MATERIAL TO PROCESS: Begin

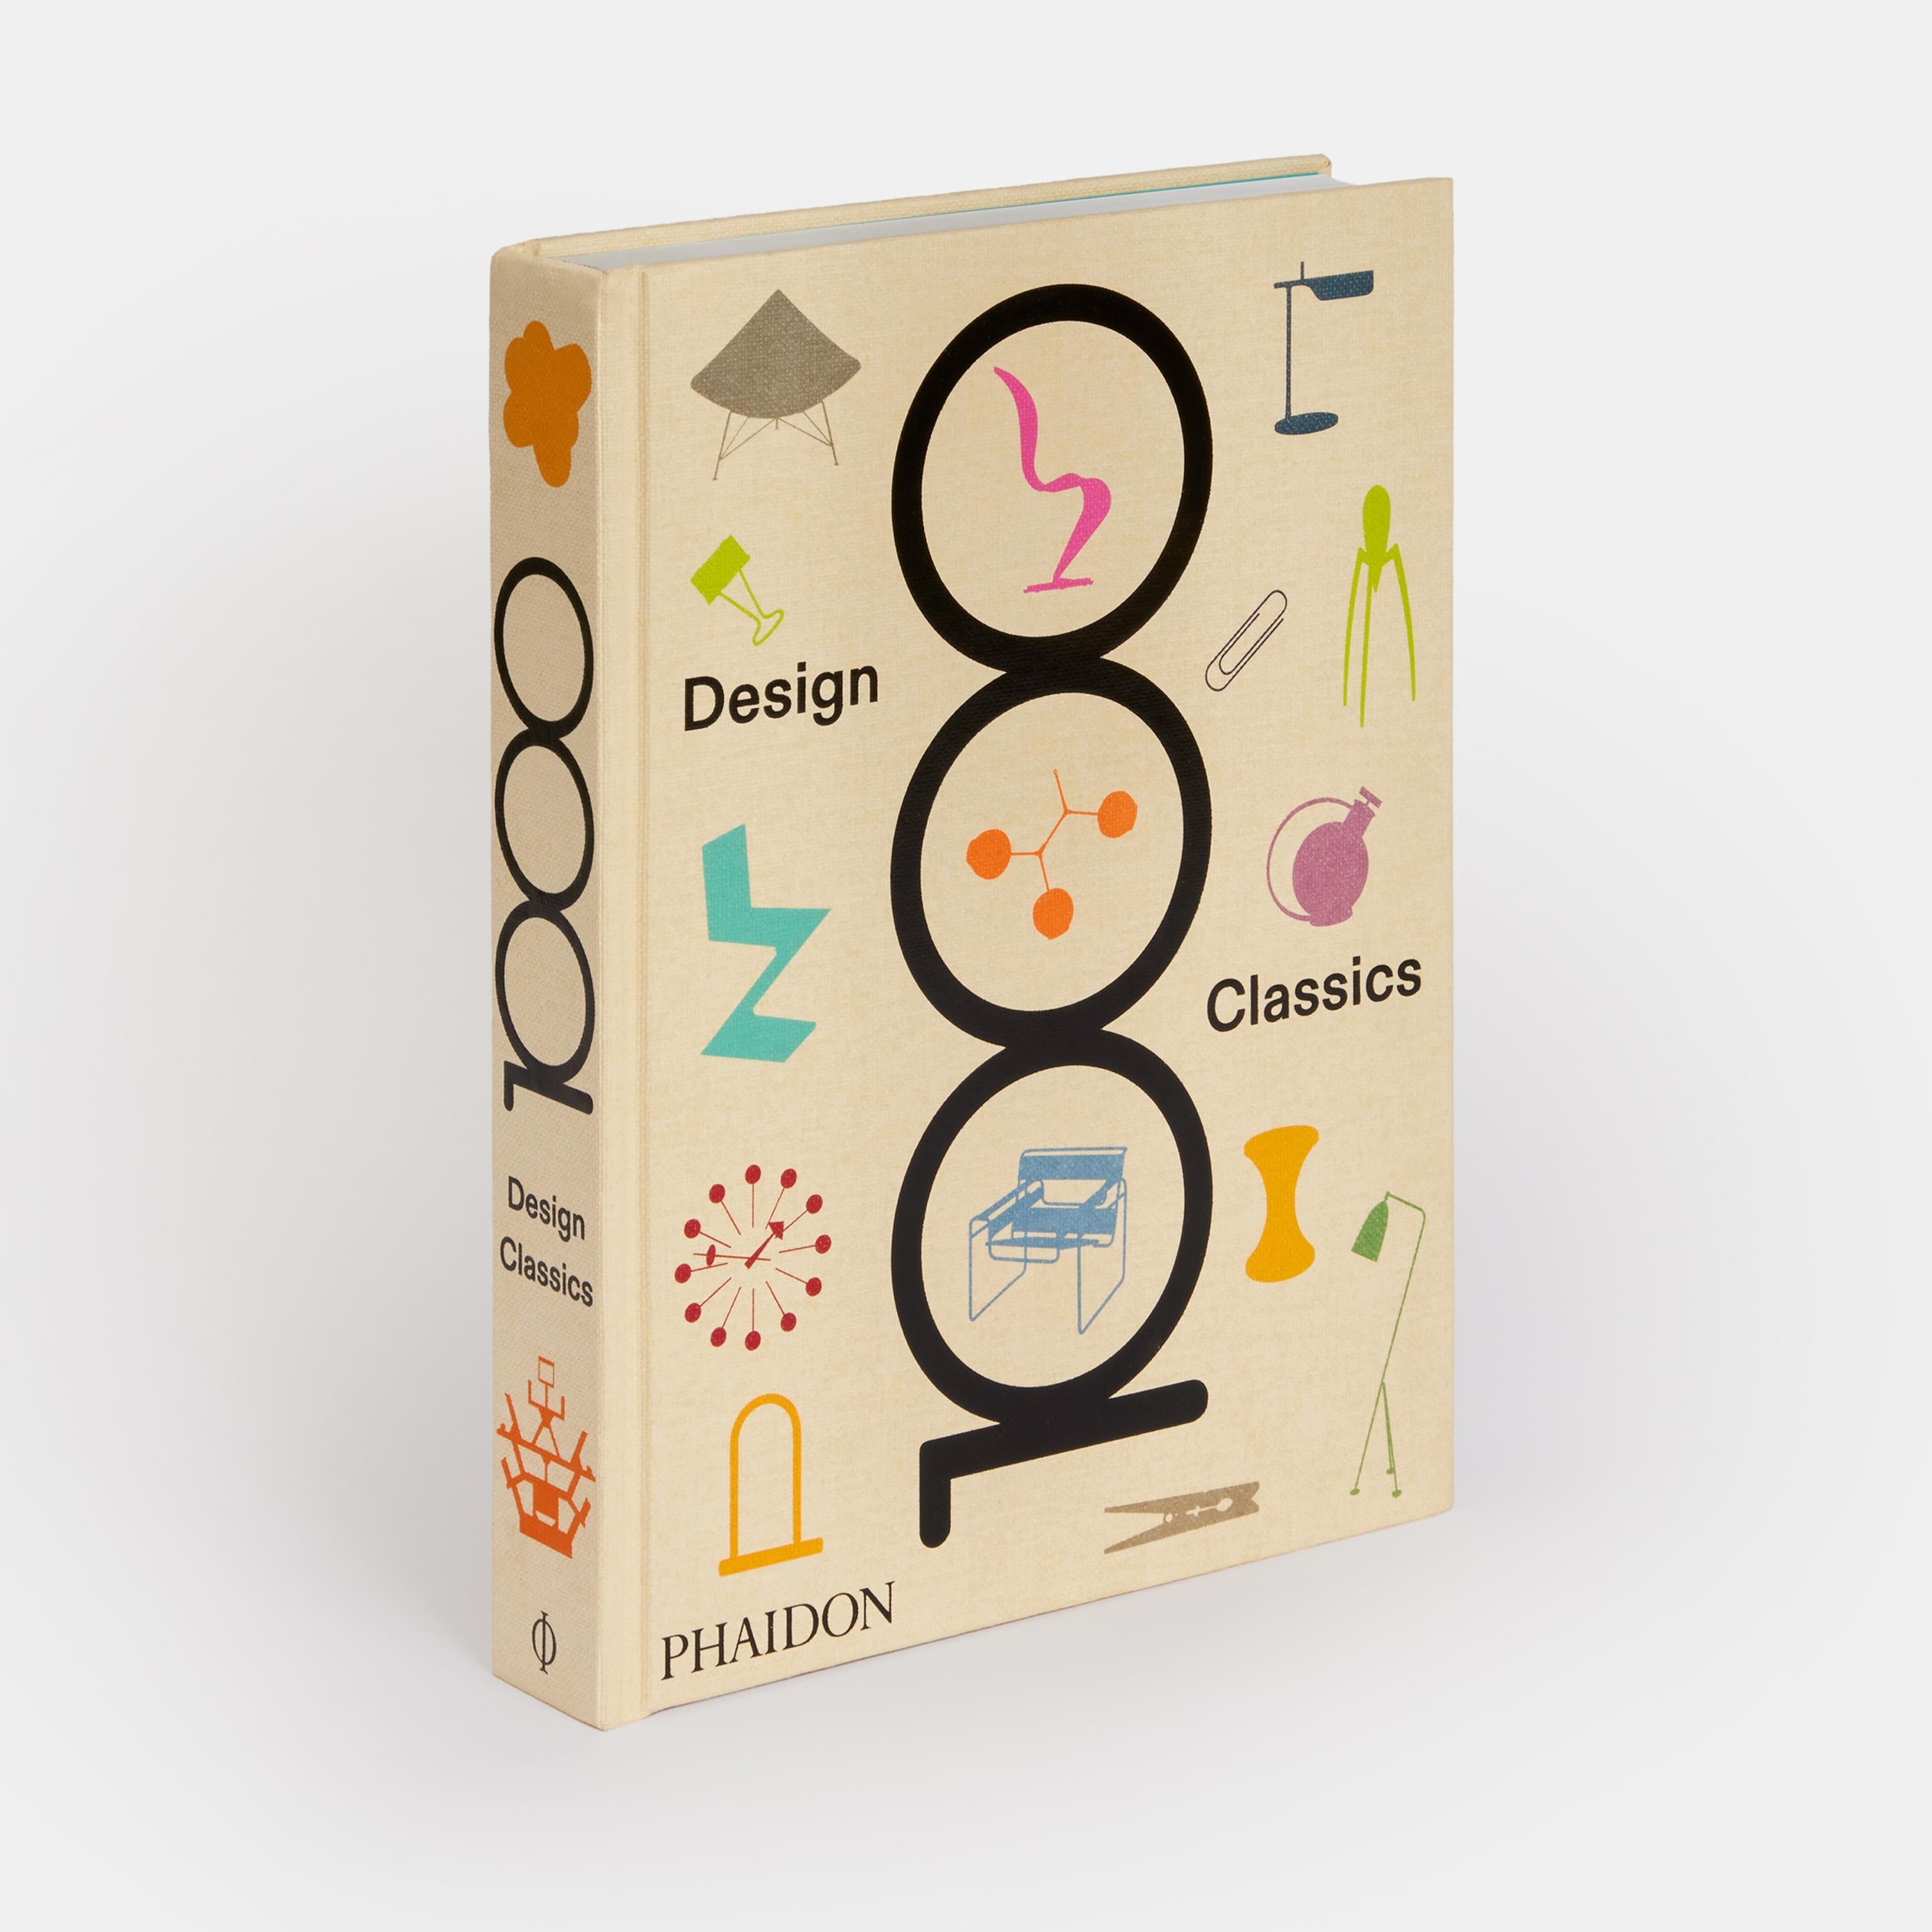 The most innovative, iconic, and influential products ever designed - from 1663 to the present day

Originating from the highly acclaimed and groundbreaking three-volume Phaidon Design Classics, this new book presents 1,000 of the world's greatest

MATERIAL TO PROCESS: End
MATERIAL TO PROCESS: Begin

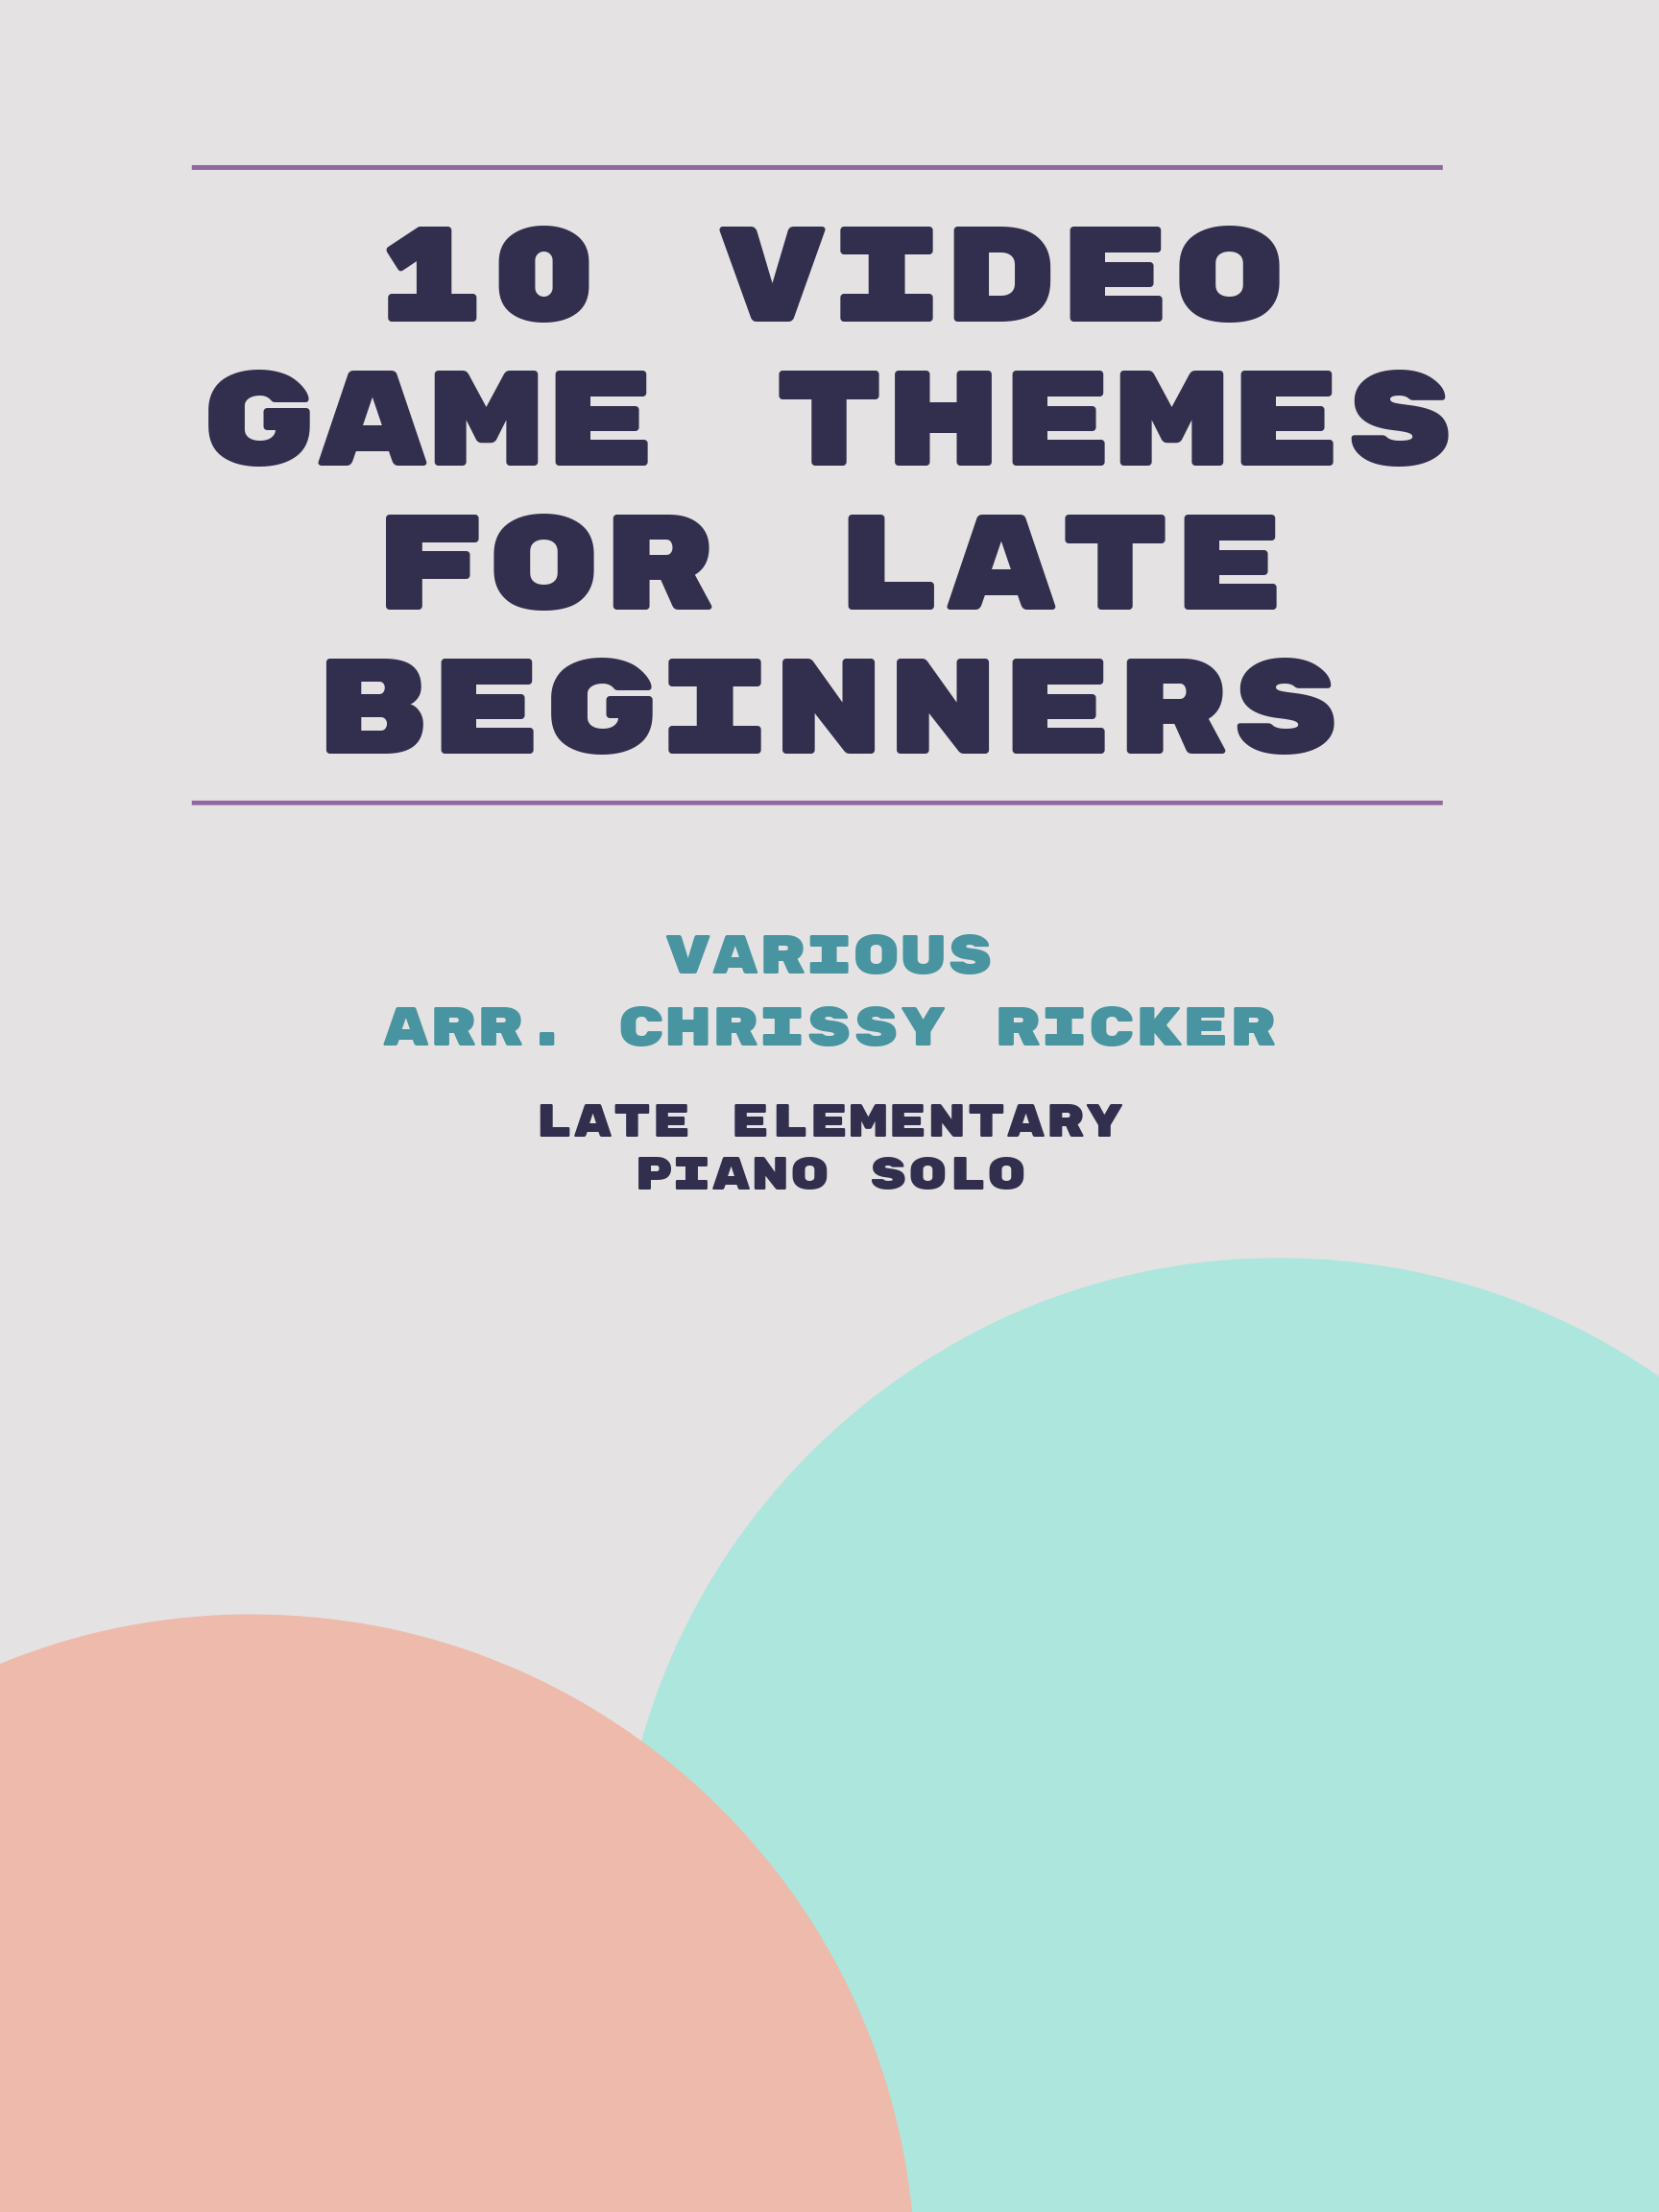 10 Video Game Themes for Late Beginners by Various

MATERIAL TO PROCESS: End

# TASK DETAILS:
Within the material above, only the stretch from the line holding "The most innovative, iconic, and" through the line holding "Originating from the" is to be restated exactly. Pictures are dropped.

# ANSWER TO THE EXERCISE:
 The most innovative, iconic, and influential products ever designed - from 1663 to the present day

Originating from the highly acclaimed and groundbreaking three-volume Phaidon Design Classics, this new book presents 1,000 of the world's greatest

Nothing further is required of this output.